А я был доволен. Мне все-таки удалось выжать из человека человеческую эмоцию. Начал работать. Обломками досок набил топку, разжег огонь. Когда пламя загудело и отблески огня заиграли на серых стенках отсека, устроился на полу поразмыслить о дивном устройстве людей и мира. Но тотчас же вскочил — послышались шаги. Я никак не ожидал такого скорого возвращения Боцмана. Не говоря ни слова, он закрыл дверцу топки и сказал, чтобы я следовал за ним.
Мы шли довольно долго с общим направлением куда-то вверх. Возможно, предстояла другая работа, более важная и, увы, наверно, потяжелее, чем разборка ящиков. Вслед за матросом вошел в коридор, отделанный под красное дерево, с беломолочными плафонами. Перед дверью с надраенной бронзовой ручкой он оглядел меня, как бы заранее представляя, как я буду выглядеть там, куда меня ведет. Первым в каюту вошел он, потом предложил войти мне. Лишь в самый последний момент я почувствовал что-то неладное, кажется, я до чего-то достукался.

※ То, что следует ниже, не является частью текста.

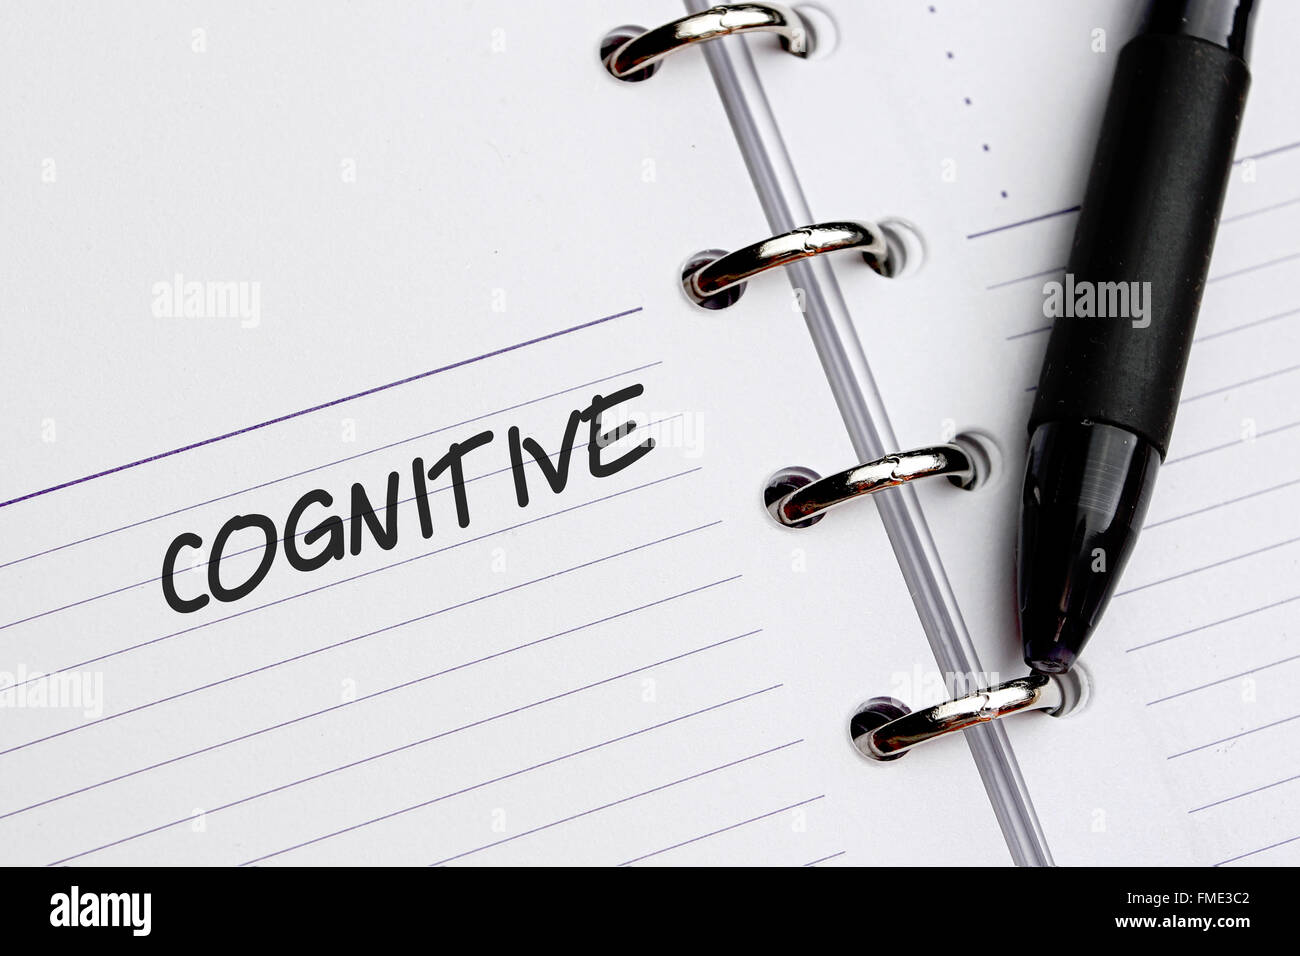 Cognitive word written on paper Stock Photo

Иногда приходят в действие силы, которым нет никакого дела до твоих мыслей, твоих привычных опор, и все твои действия и речи, подразумевающие эти опоры, в новом вздернутом положении выглядят жалкими и смехотворными. И будешь еще что-то стоить, если в тебя вложат другую программу или подсунут под ноги хотя бы шаткую скамеечку, обтертую тысячами ног таких же ничтожеств, как ты. С раскаянием будешь благодарить за этот снисходительный подарок. Только такой ты и нужен — набитый потным страхом, с паническим сердцебиением, мандражом в ногах, с нечленораздельной речью и упованием на чудо.
Если бы вдруг ни с того ни с сего на пороге капитанской каюты на меня не нашел жуткий страх, возможно, я совершил бы непоправимую глупость и, например, стал выдвигать кретинские претензии. Не знаю, не знаю, что в таком бы случае со мной бы произошло… Сейчас, когда жгу в топке доски, усмиряя тревогу сигаретой, я пытаюсь понять, что же все-таки произошло и что могло бы произойти…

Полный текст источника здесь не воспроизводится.